Time. There are $\binom{6}{3} = 20$ family triples. For each triple, the three nested loops iterate over $O(n)$ lines each, giving $O(n^3)$ intersection tests per triple. Total: $O(20 \cdot n^3)$ . For $n = 36$ : approximately $20 \cdot 37^3 \approx 10^6$ tests.
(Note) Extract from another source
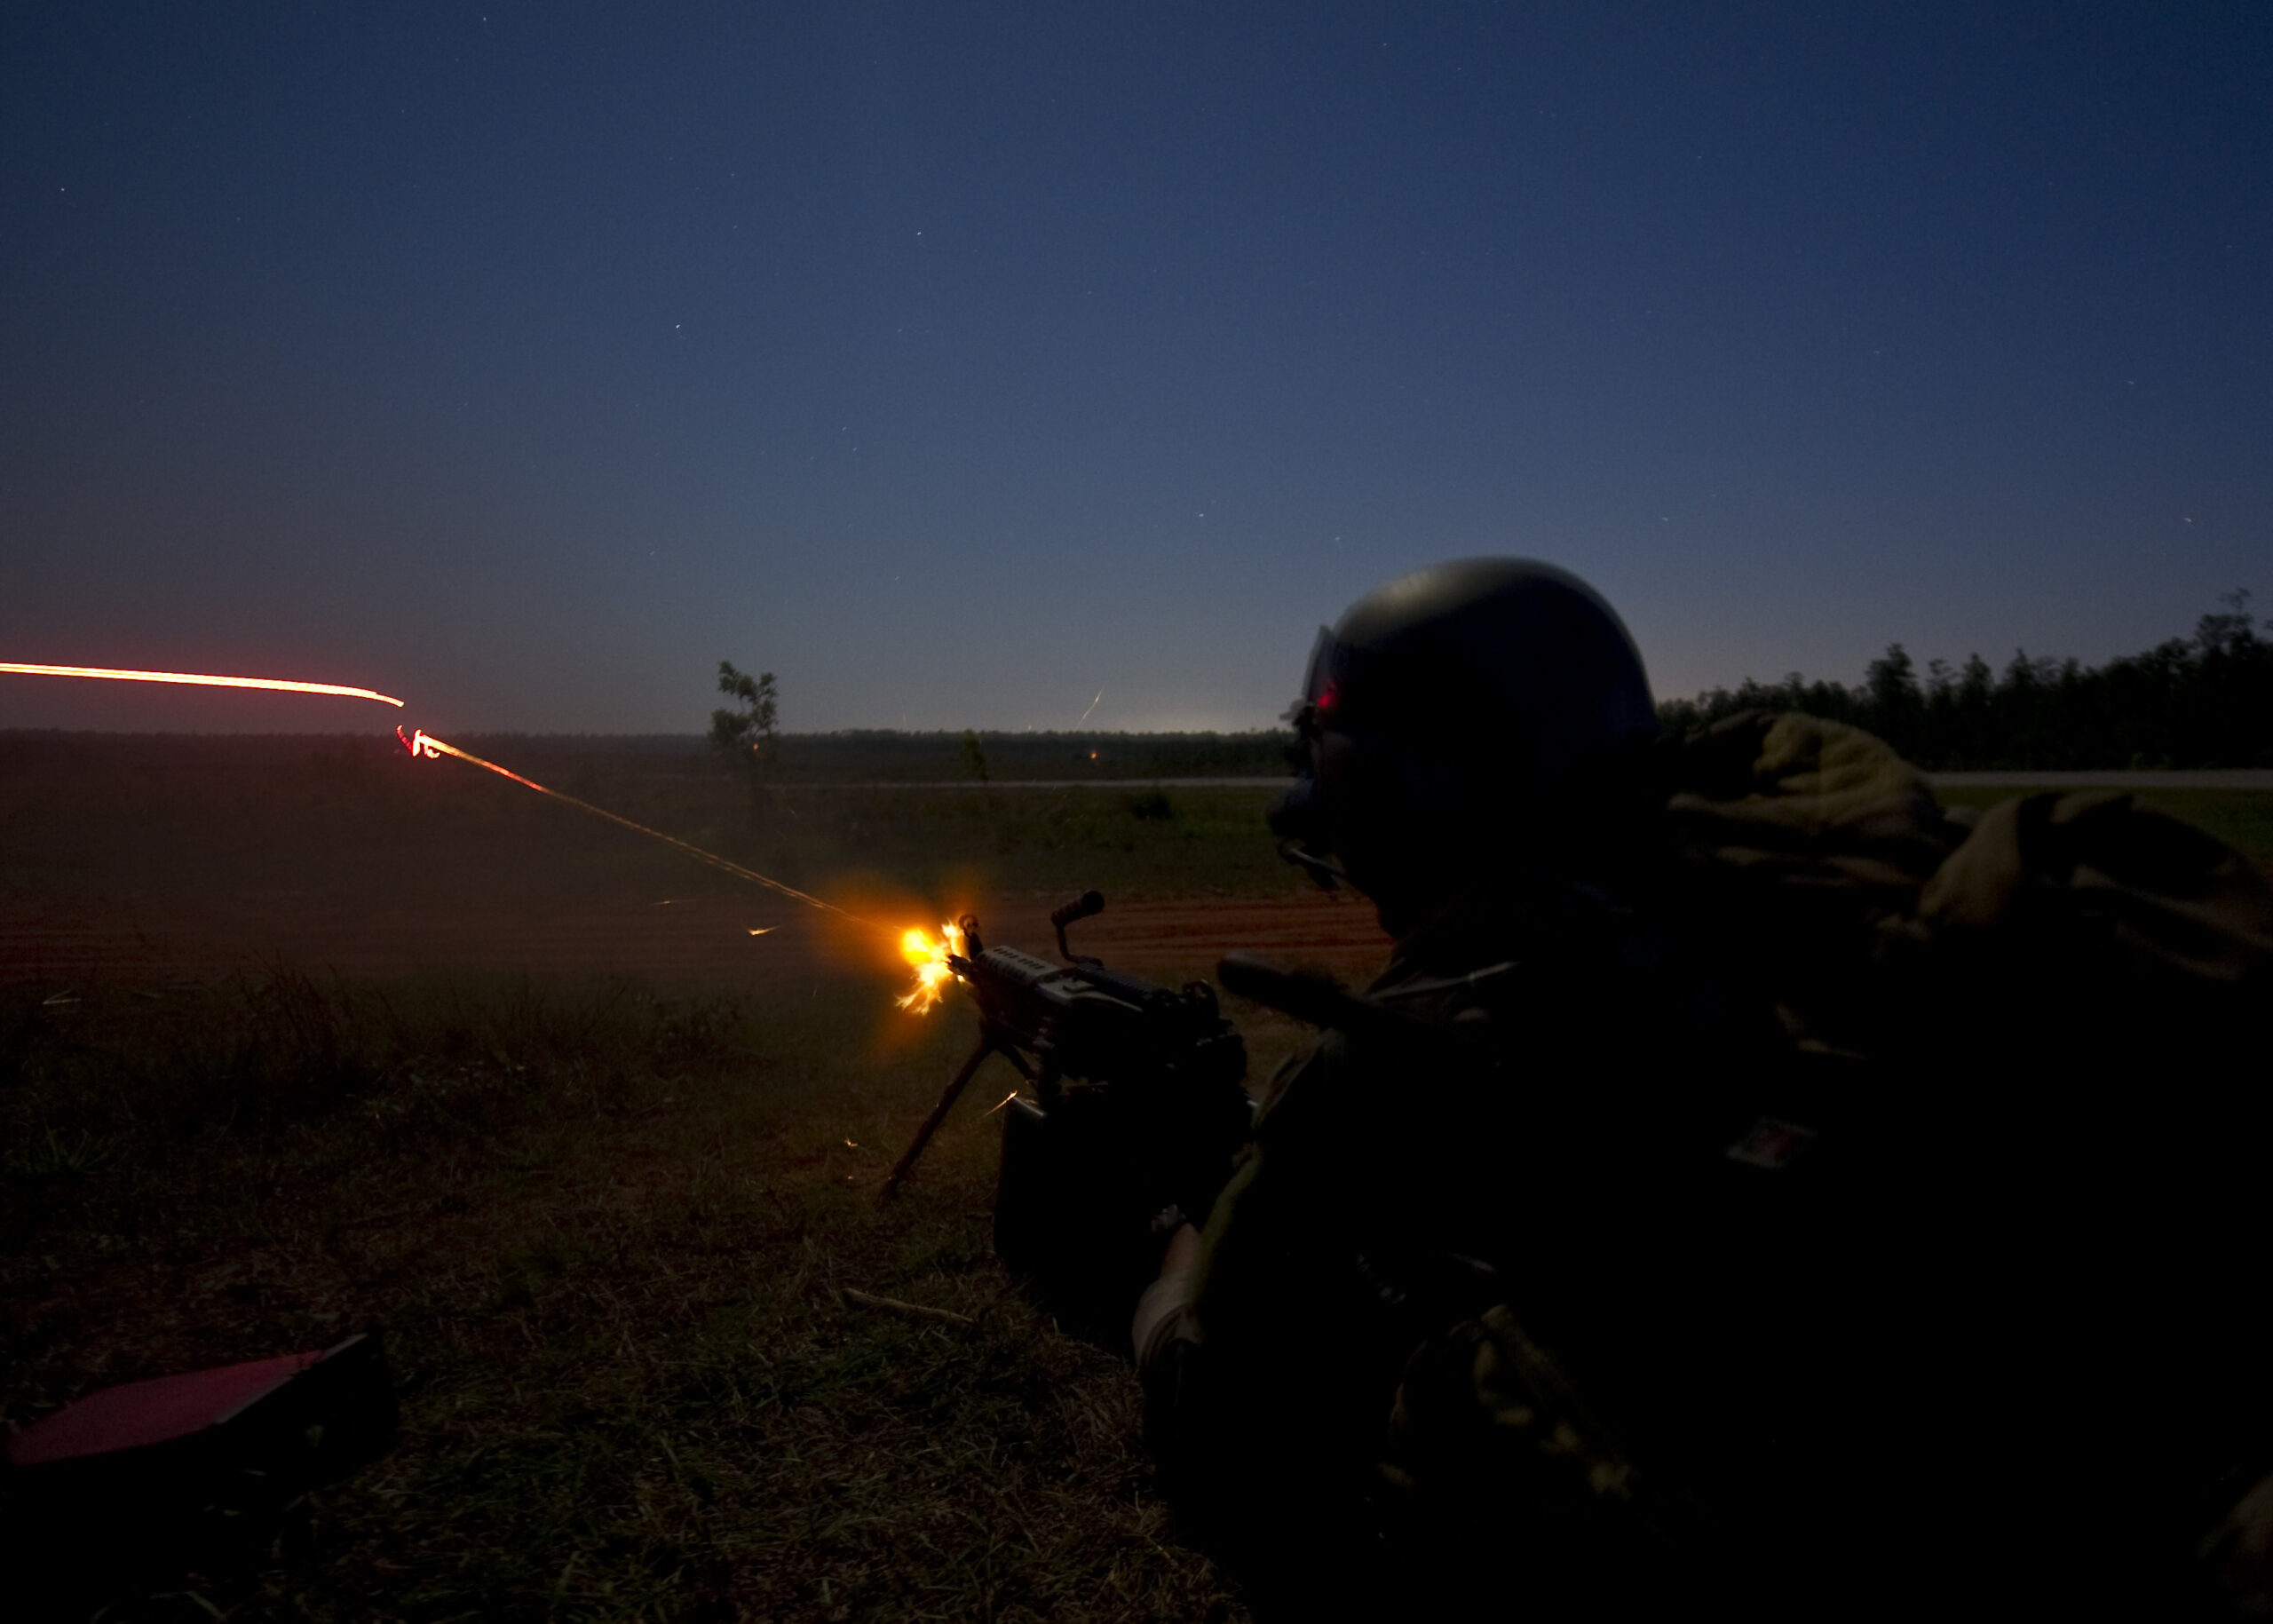 A Marine from 2nd Marine Special Operations Battalion fires at a training target during a live-fire exercise on Eglin Range, Fla., May 21, 2013. Marines fired several different machine guns and also used infrared laser to designate training targets for AC-130 Spooky gunship fire. (U.S. Air Force Photo/ Staff Sgt. John Bainter)

Space. $O(n)$ for line parameter storage, $O(1)$ working space per test.

Answer

\boxed{343047}

C++ project_euler/problem_163/solution.cpp

#include <bits/stdc++.h>
using namespace std;

/*
 * Project Euler Problem 163: Cross-hatched Triangles
 *
 * Count triangles in a cross-hatched equilateral triangle of size n = 36.
 * Six line families in oblique coordinates; enumerate all C(6,3) = 20
 * family triples and all line triples, checking containment and
 * non-concurrency via exact integer arithmetic.
 */

int main() {
    const int n = 36;

    int a[6] = {1, 0, 1, 1, 1, 2};
    int b[6] = {0, 1, 1, -1, 2, 1};

    vector<vector<int>> lines(6);
    for (int k = 0; k <= n; k++) lines[0].push_back(k);
    for (int k = 0; k <= n; k++) lines[1].push_back(k);
    for (int k = 0; k <= n; k++) lines[2].push_back(k);
    for (int k = -(n - 1); k <= n - 1; k++) lines[3].push_back(k);
    for (int k = 1; k <= 2 * n - 1; k++) lines[4].push_back(k);
    for (int k = 1; k <= 2 * n - 1; k++) lines[5].push_back(k);

    long long total = 0;

    for (int f1 = 0; f1 < 6; f1++) {
        for (int f2 = f1 + 1; f2 < 6; f2++) {
            for (int f3 = f2 + 1; f3 < 6; f3++) {
                int a1 = a[f1], b1 = b[f1];
                int a2 = a[f2], b2 = b[f2];
                int a3 = a[f3], b3 = b[f3];

                int d12 = a1 * b2 - a2 * b1;
                int d13 = a1 * b3 - a3 * b1;
                int d23 = a2 * b3 - a3 * b2;
                if (d12 == 0 || d13 == 0 || d23 == 0) continue;

                for (int c1 : lines[f1]) {
                    for (int c2 : lines[f2]) {
                        long long nu12 = (long long)c1 * b2 - (long long)c2 * b1;
                        long long nv12 = (long long)a1 * c2 - (long long)a2 * c1;
                        long long dd12 = d12;
                        if (dd12 < 0) { nu12 = -nu12; nv12 = -nv12; dd12 = -dd12; }
                        if (nu12 < 0 || nv12 < 0 || nu12 + nv12 > (long long)n * dd12)
                            continue;

                        for (int c3 : lines[f3]) {
                            long long nu13 = (long long)c1 * b3 - (long long)c3 * b1;
                            long long nv13 = (long long)a1 * c3 - (long long)a3 * c1;
                            long long dd13 = d13;
                            if (dd13 < 0) { nu13 = -nu13; nv13 = -nv13; dd13 = -dd13; }
                            if (nu13 < 0 || nv13 < 0 || nu13 + nv13 > (long long)n * dd13)
                                continue;

                            long long nu23 = (long long)c2 * b3 - (long long)c3 * b2;
                            long long nv23 = (long long)a2 * c3 - (long long)a3 * c2;
                            long long dd23 = d23;
                            if (dd23 < 0) { nu23 = -nu23; nv23 = -nv23; dd23 = -dd23; }
                            if (nu23 < 0 || nv23 < 0 || nu23 + nv23 > (long long)n * dd23)
                                continue;

                            // Non-concurrency: P12 != P13
                            if (nu12 * dd13 == nu13 * dd12 && nv12 * dd13 == nv13 * dd12)
                                continue;

                            total++;
                        }
                    }
                }
            }
        }
    }

    cout << total << endl;
    return 0;
}

Python project_euler/problem_163/solution.py

"""
Project Euler Problem 163: Cross-hatched Triangles

Count triangles in a cross-hatched equilateral triangle of size n = 36.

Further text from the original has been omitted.